• [Exercise details]:
Using the entries below, copy exactly each line from the line with "media/c0c/c0c0574e-a6b6-4f7e-bee1-67" up to and including the line with "Rodin Booklet Final_Page_05.jpg", with every picture left out.

• [Provided entries]:

□ □ □ □

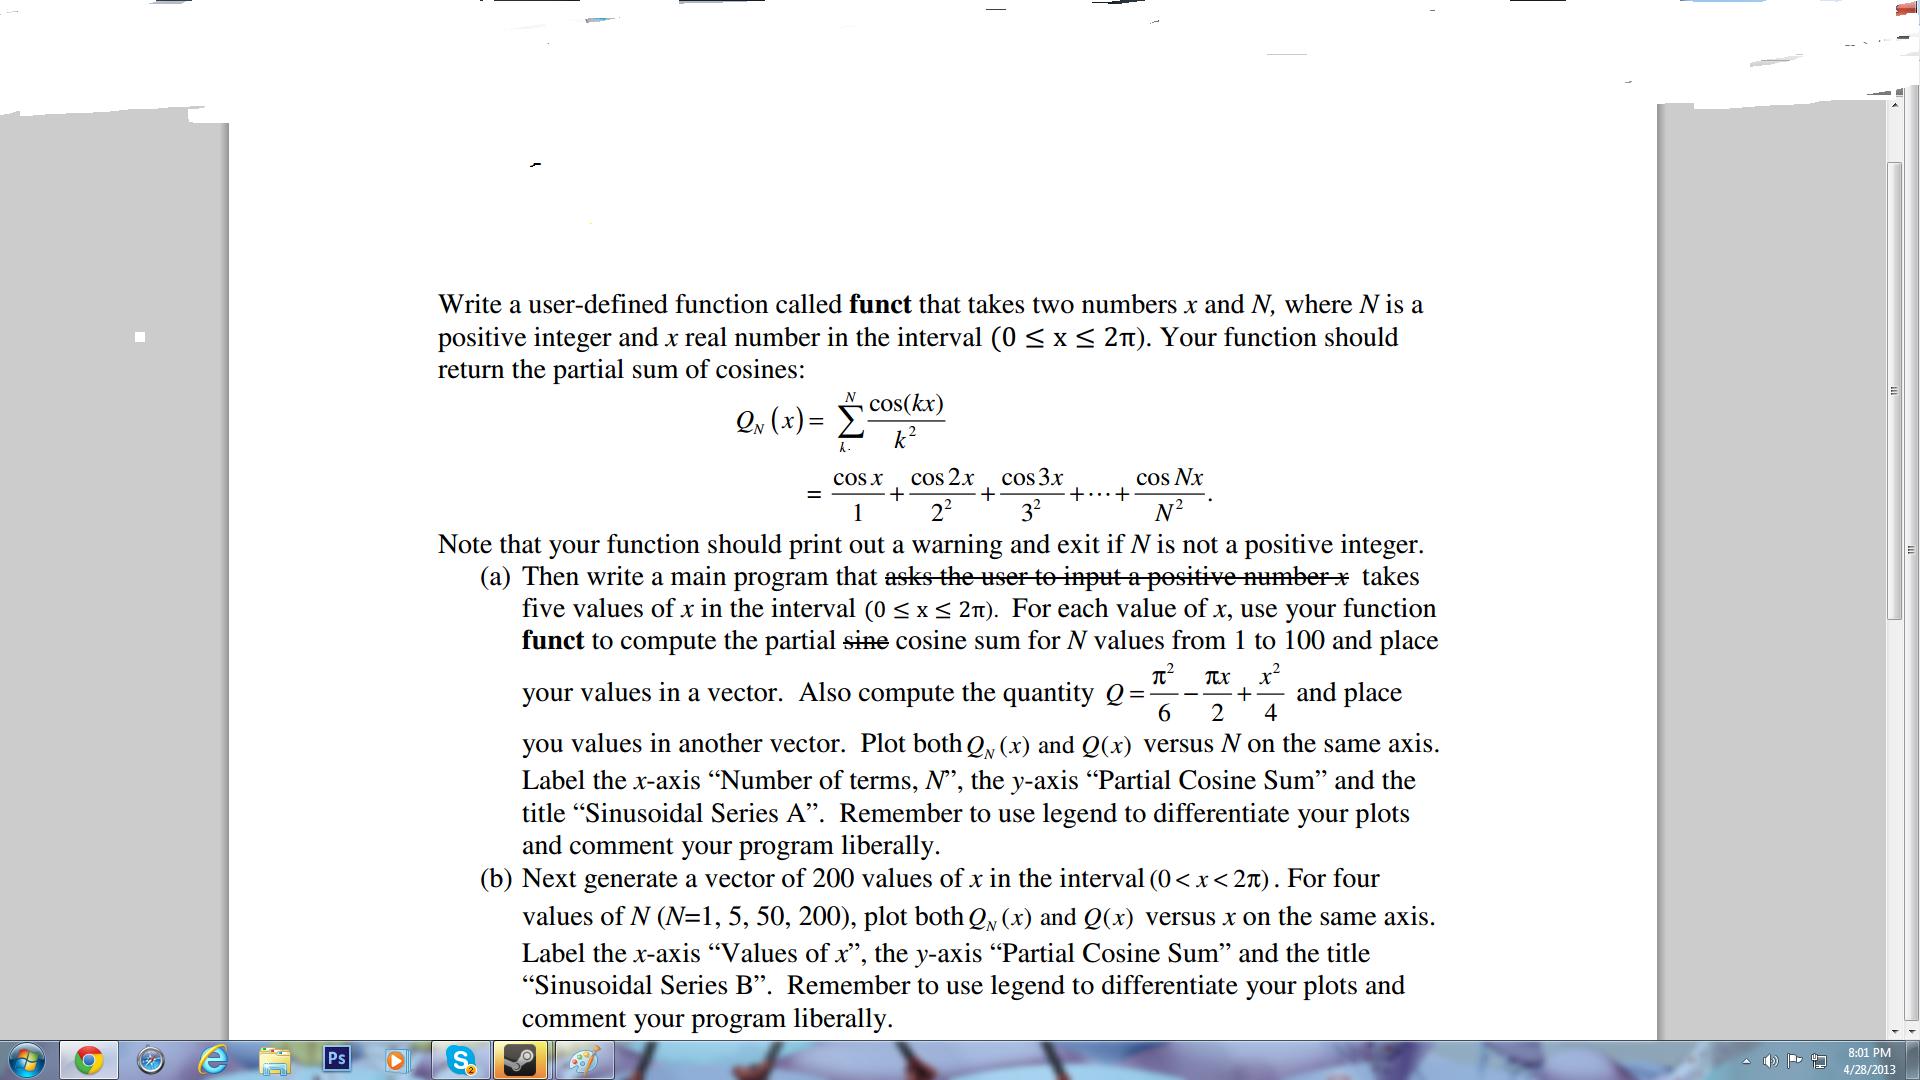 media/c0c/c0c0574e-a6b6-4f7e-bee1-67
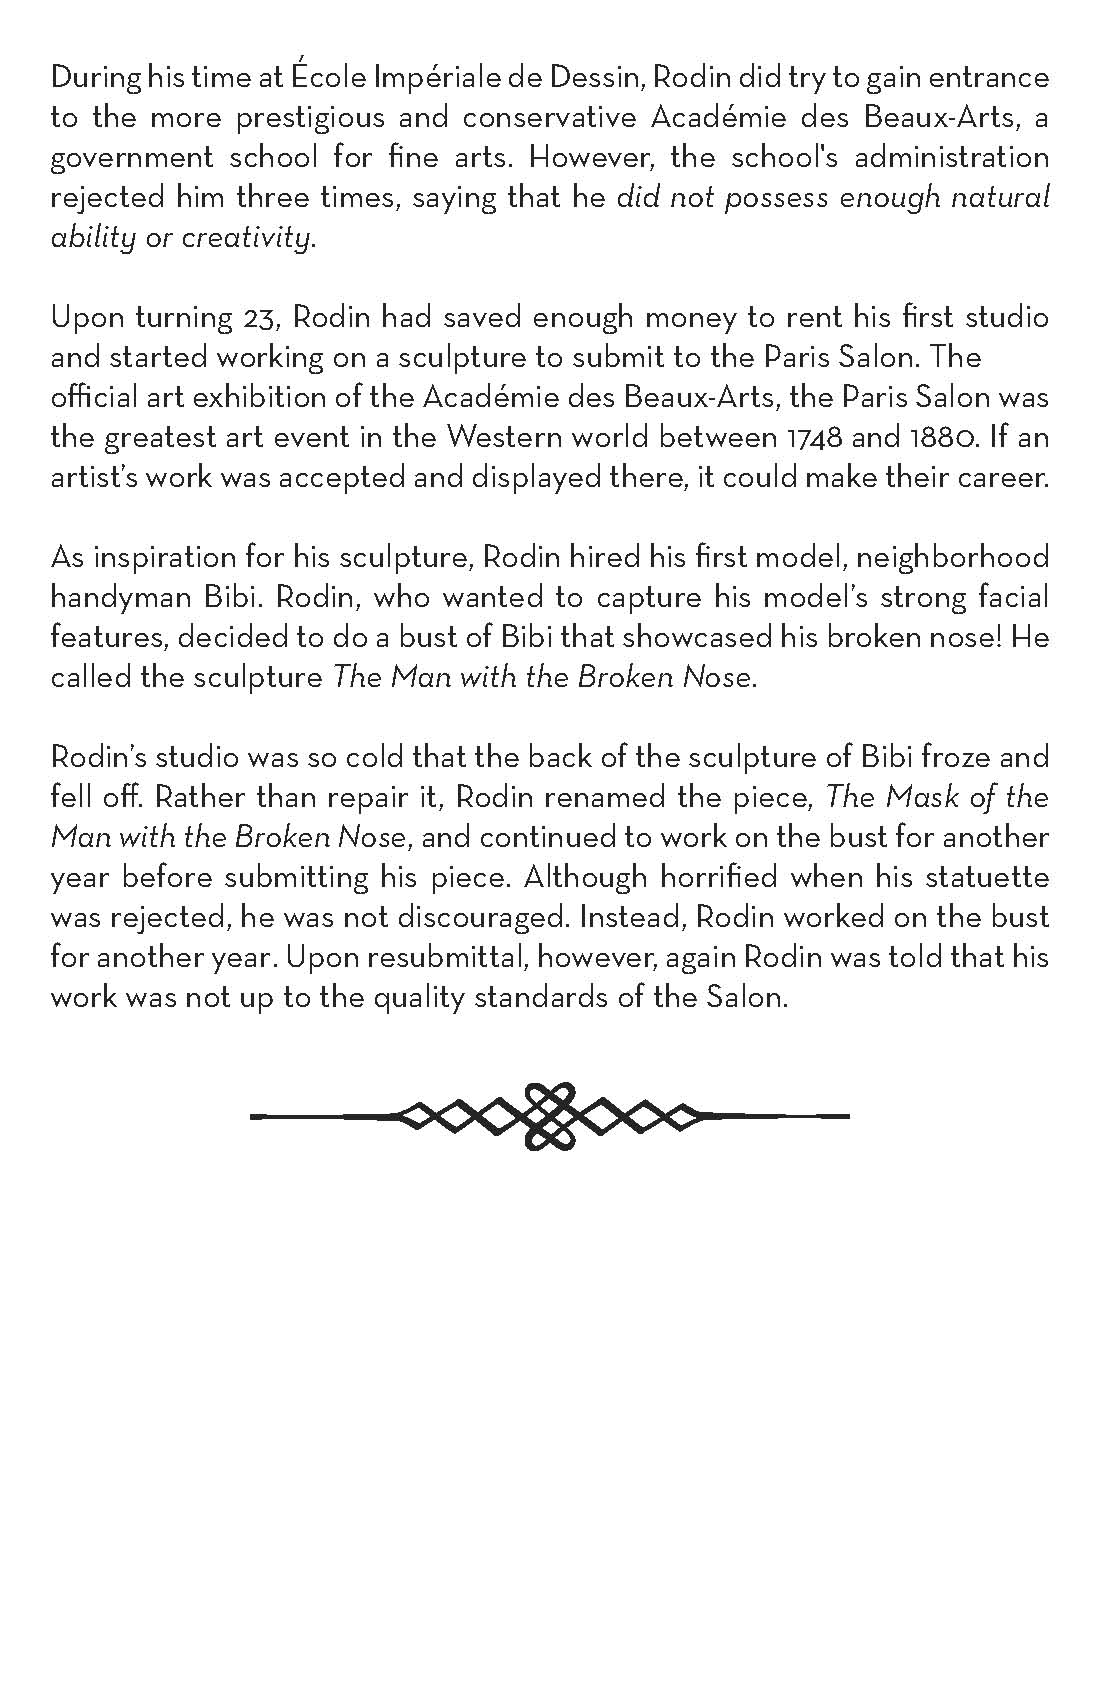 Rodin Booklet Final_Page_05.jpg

□ □ □ □

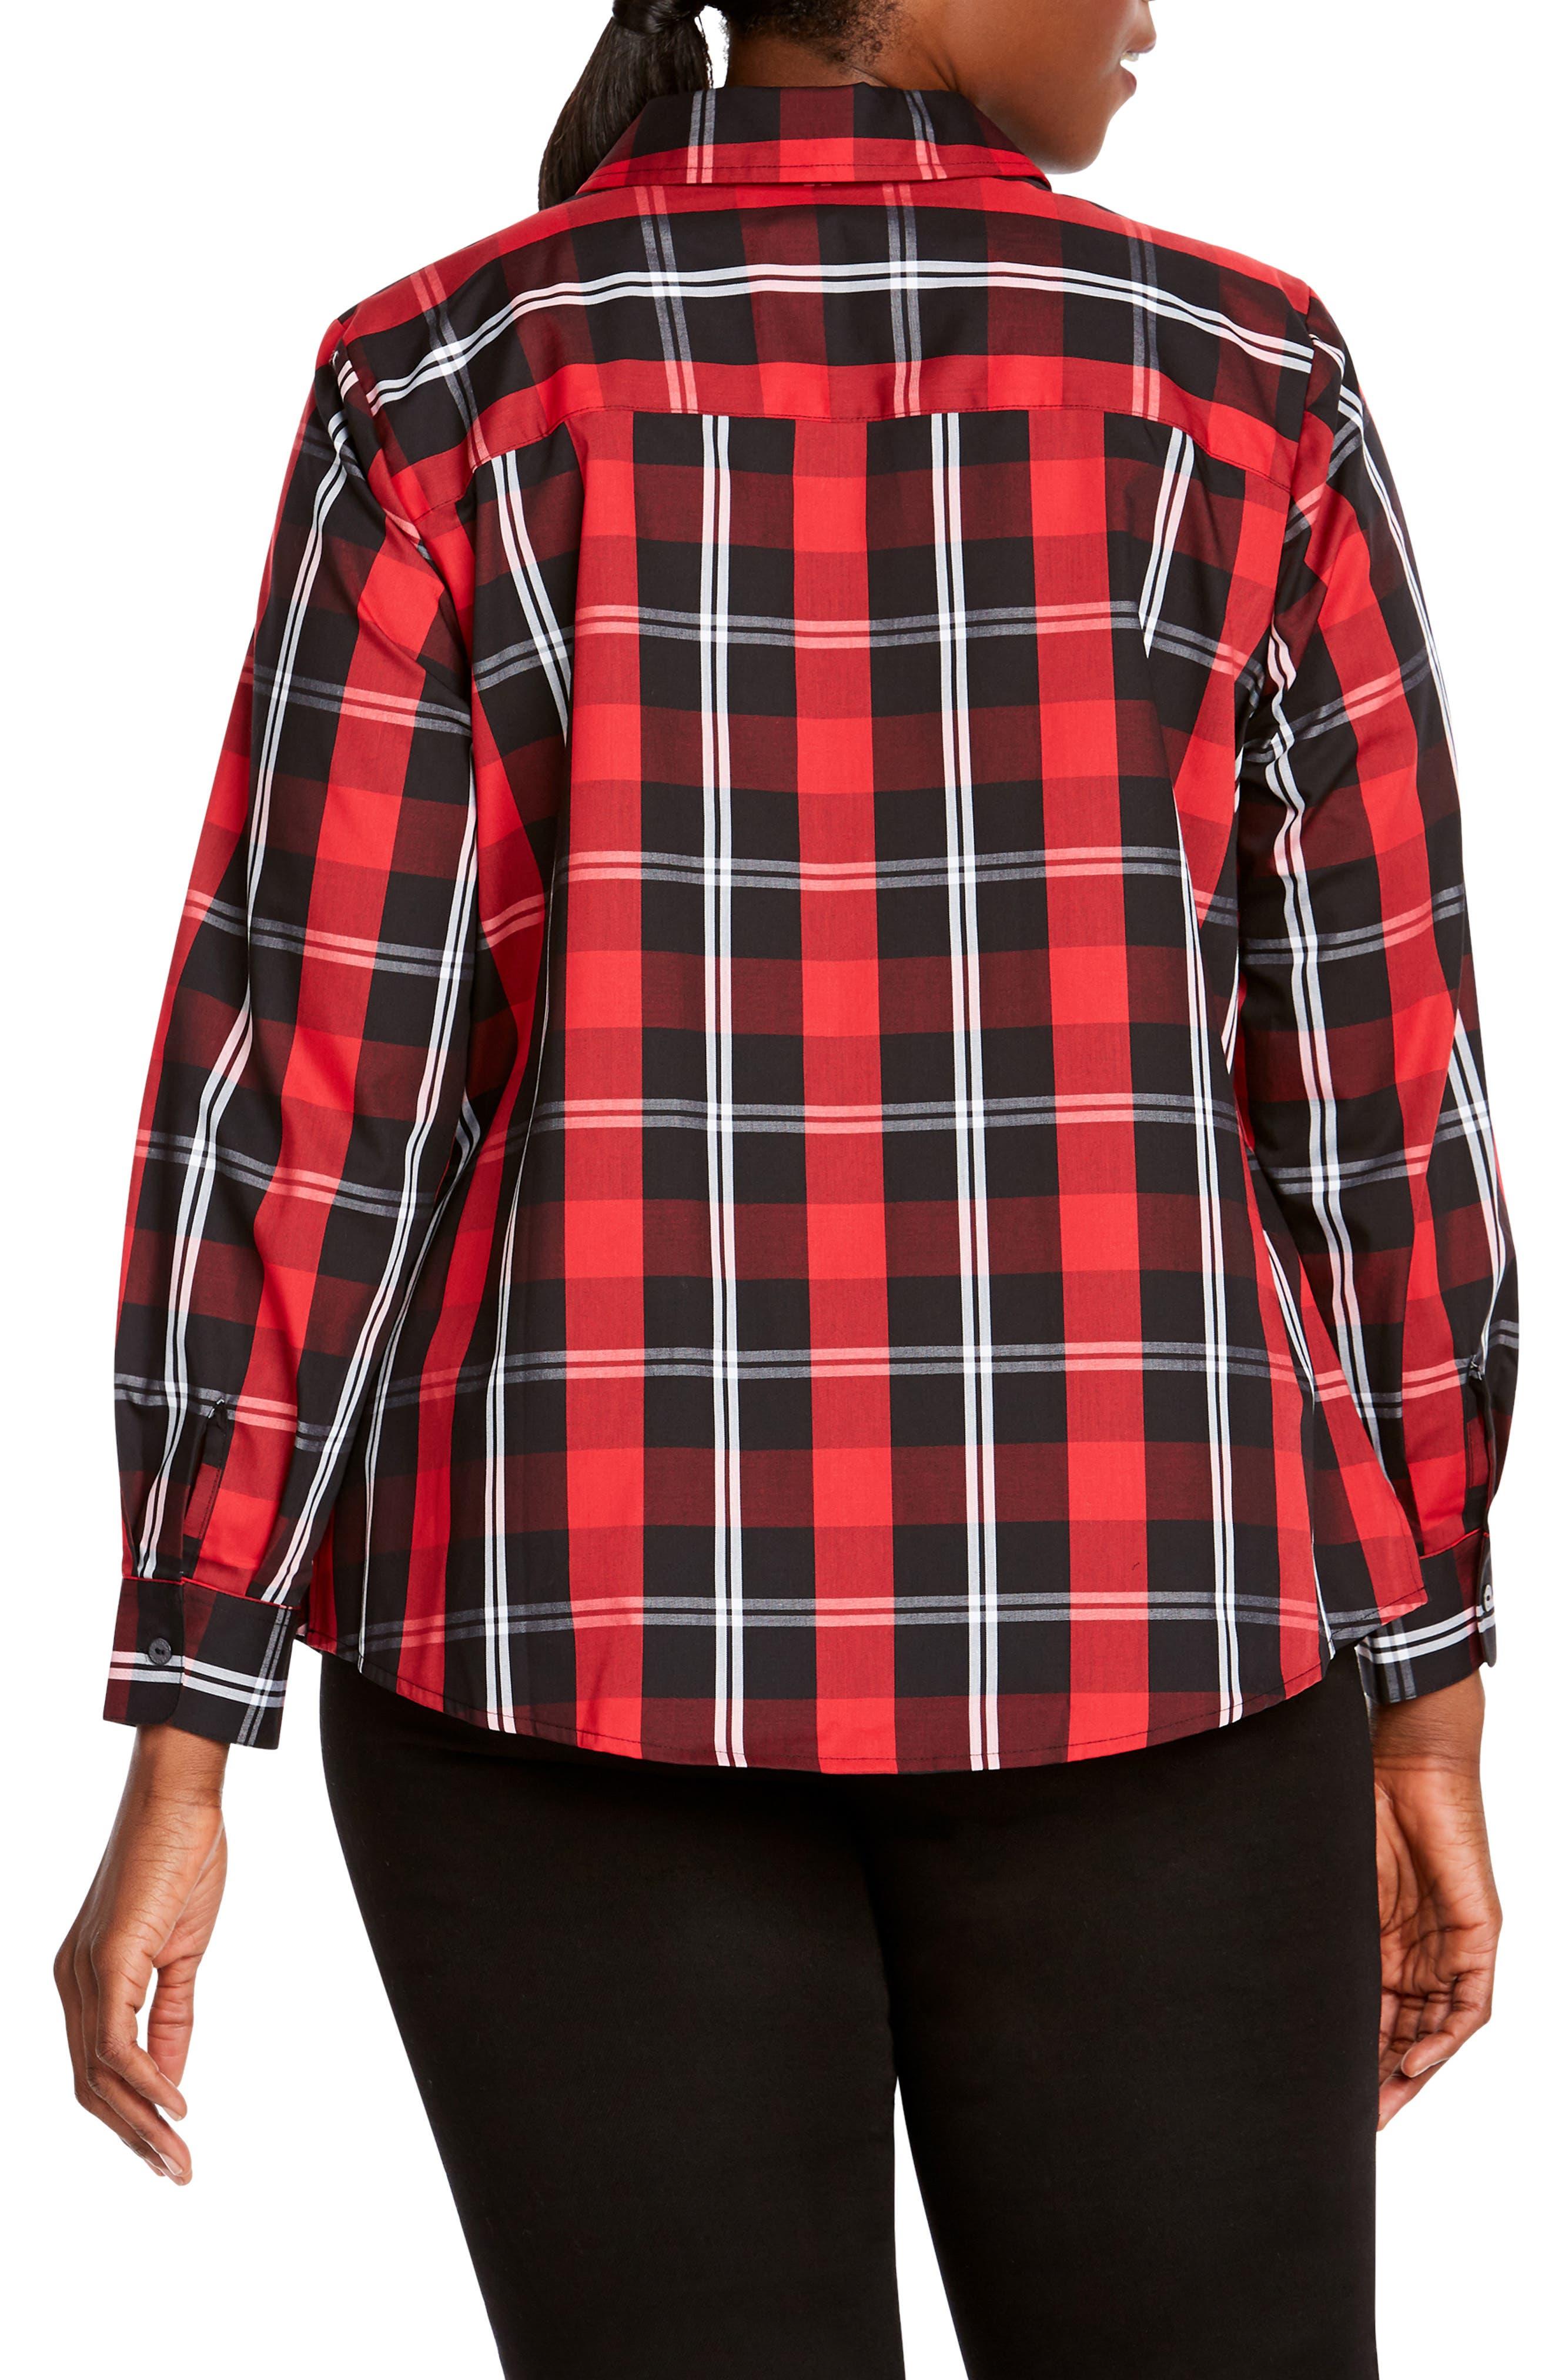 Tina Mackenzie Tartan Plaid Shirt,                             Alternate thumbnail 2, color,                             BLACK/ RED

□ □ □ □

• [Written response]:
 media/c0c/c0c0574e-a6b6-4f7e-bee1-67
 Rodin Booklet Final_Page_05.jpg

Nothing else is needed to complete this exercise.